Clinical Reference for Doulas
Bishop Score Calculator
Cervical readiness for induction, in three versions
Not medical advice. I am a doula and educator, not a medical provider, and this is a teaching tool, not a clinical decision aid. It does not replace the judgment of the care team.
Doulas do not perform cervical exams. This calculator is here so you can understand the score your care team is talking about when they weigh an induction. Someone reads the values from an exam; you can use this to make sense of them.
How the three versions differ
Standard. The original score from Edward Bishop. Five components: cervical dilation, effacement, position, and consistency, plus fetal station. It runs from 0 to 13. A higher number means a more favorable cervix, one more likely to respond to an induction the way spontaneous labor would.
Modified. The same five components, then adjusted for factors that shift the odds. Add a point for preeclampsia and for each prior vaginal birth. Subtract a point for a postdate pregnancy, for a first birth, and for PPROM. These adjustments reflect how much the cervix and body have already been primed, or held back.
Simplified. Research found that three of the components, dilation, station, and effacement, predict induction outcomes about as well as the full score. It runs from 0 to 9. It keeps the same direction as the full score, so a higher number is still more favorable. Because it drops two components, read it as directional rather than matching the full score’s cutoff.
Sources
- Bishop EH. Pelvic Scoring for Elective Induction. Obstet Gynecol. 1964;24:266-268.

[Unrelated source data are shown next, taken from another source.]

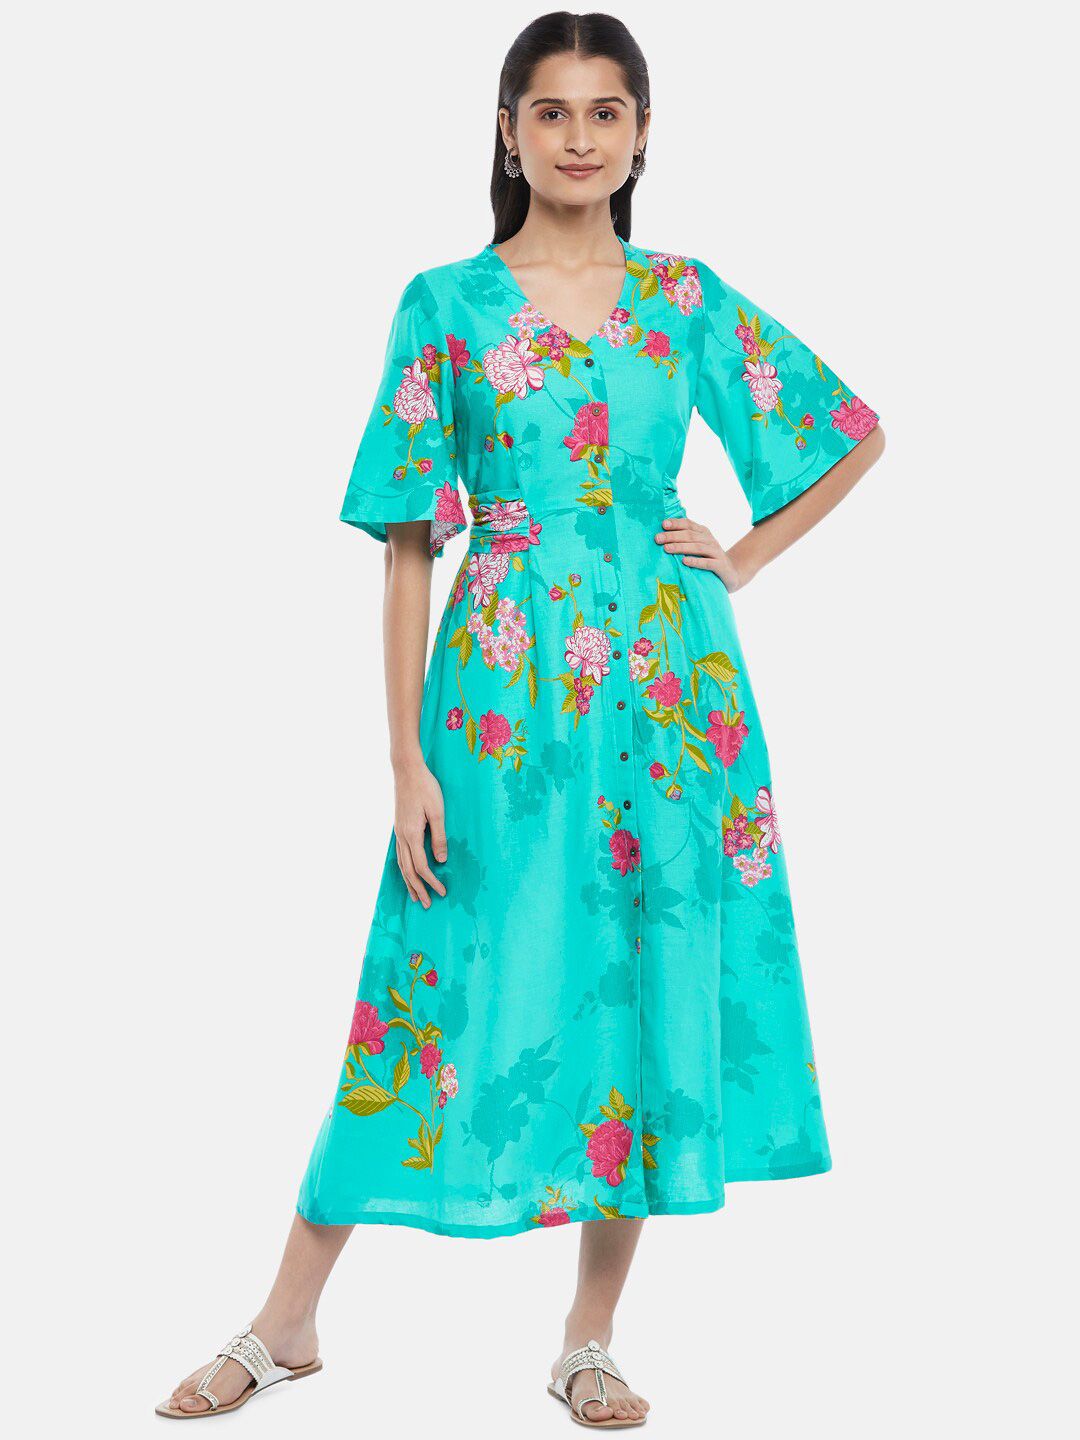 AKKRITI BY PANTALOONS Turquoise Blue & Pink Floral Pure Cotton Midi Fit & Flare Dress Price in India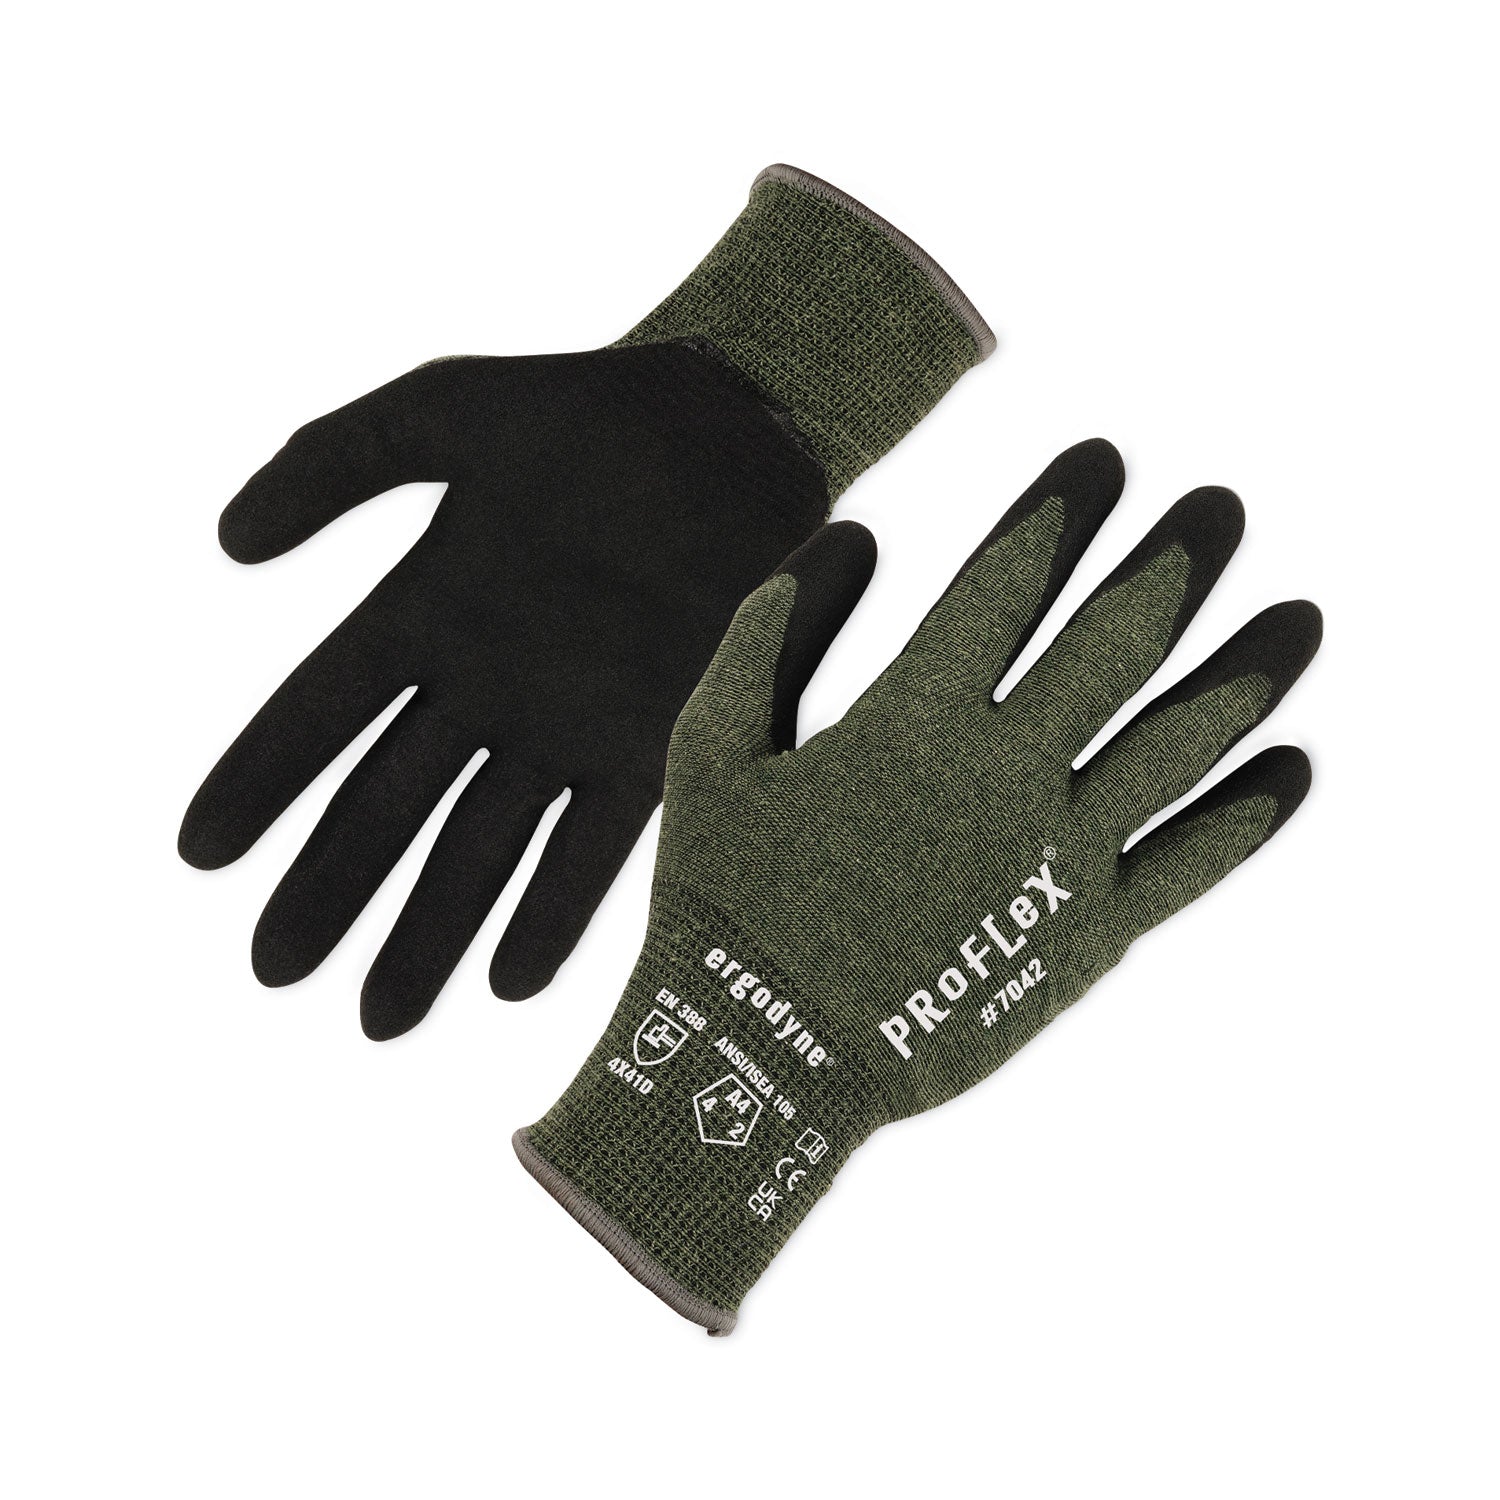 proflex-7042-ansi-a4-nitrile-coated-cr-gloves-green-large-pair-ships-in-1-3-business-days_ego10344 - 1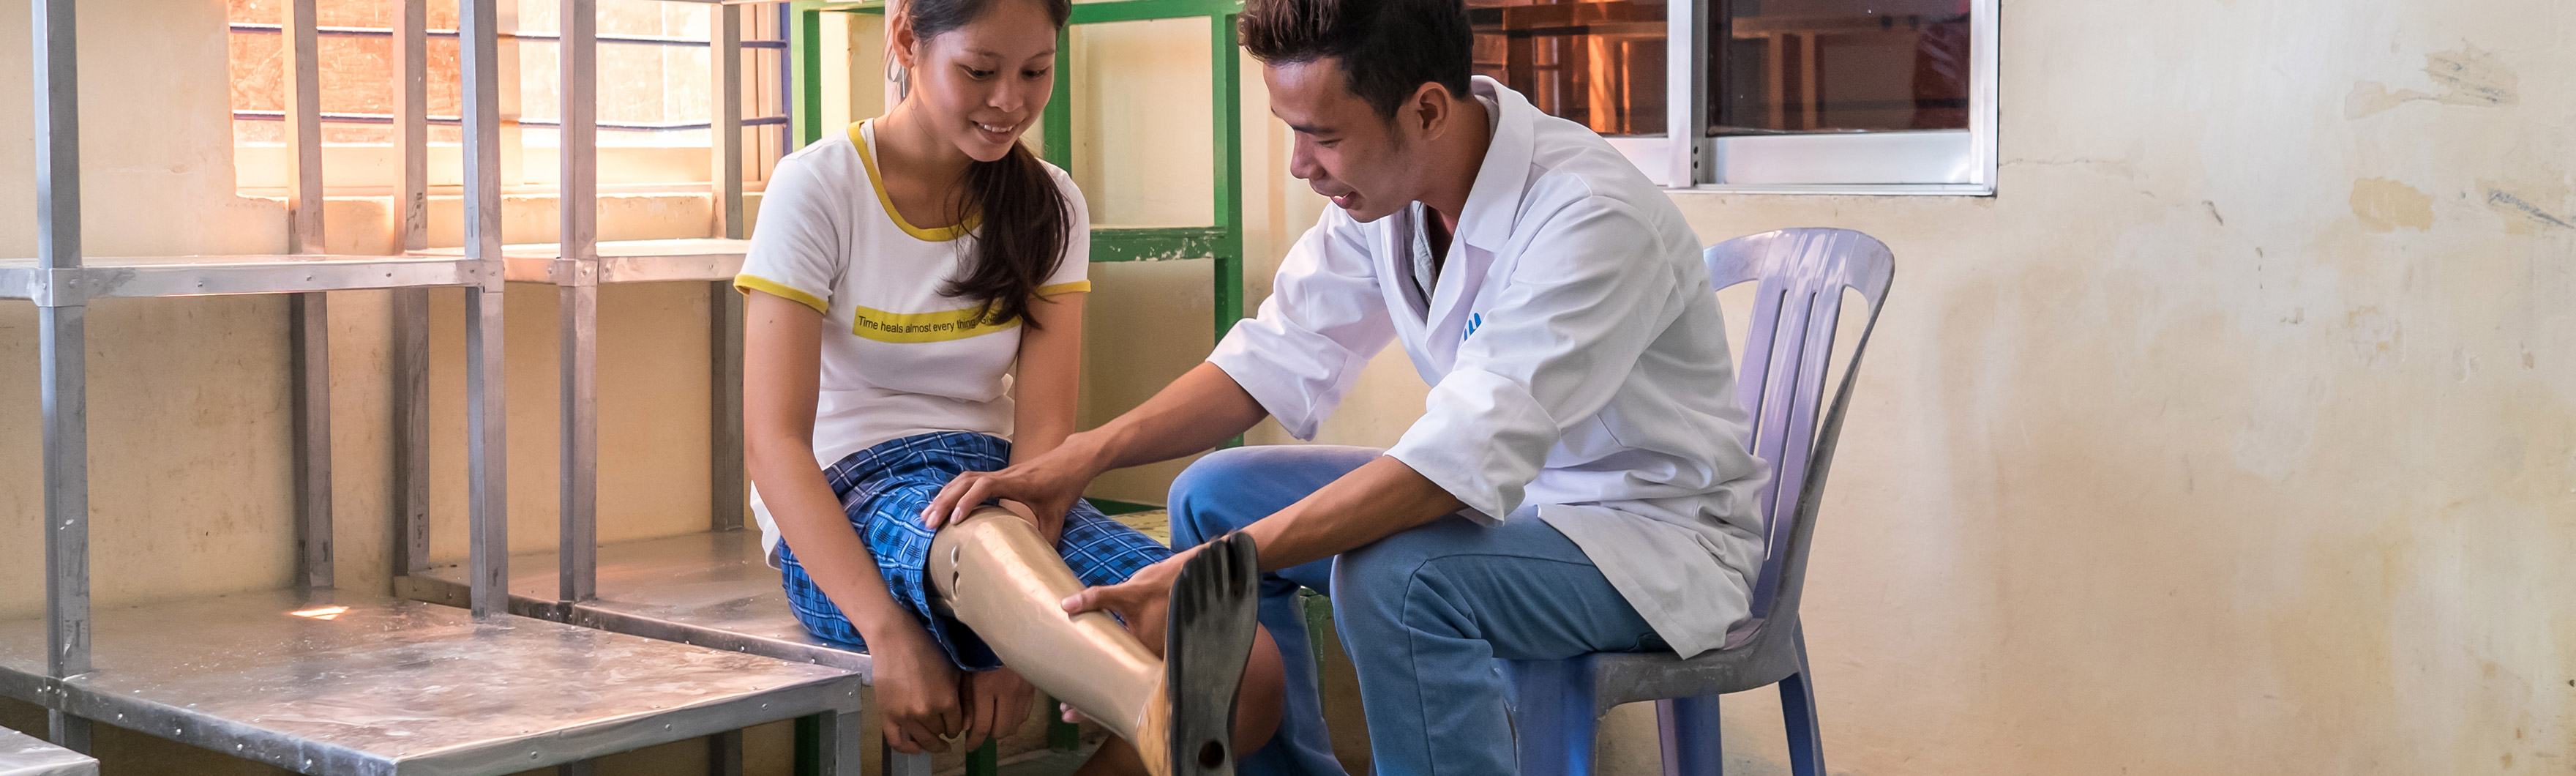 Cambodia, Kanha in rCambodia, Kanha in rehabilitation session with Vanno Leap from HI. Victim of an explosive remnant of war, Kanha was fitted with a prosthesis at Kampong Cham centre, where she returns for her follow-up.ehabilitation session with Vanno L

- Laughon SK, Zhang J, Troendle J, Sun L, Reddy UM. Using a Simplified Bishop Score to Predict Vaginal Delivery. Obstet Gynecol. 2011;117(4):805-811.
- Bishop Score. StatPearls. StatPearls Publishing, NCBI Bookshelf.
- American College of Obstetricians and Gynecologists. Induction of labor and cervical ripening guidance.
A note on the numbers: score thresholds vary by source and are used here as a general guide, not a fixed rule. Cervical station is scored a little differently across references too. This tool follows the common convention of -3 (0), -2 to -1 (1), 0 (2), and +1 to +2 (3). Some references instead give -2 its own row (1 point) and score -1 and 0 together (2 points).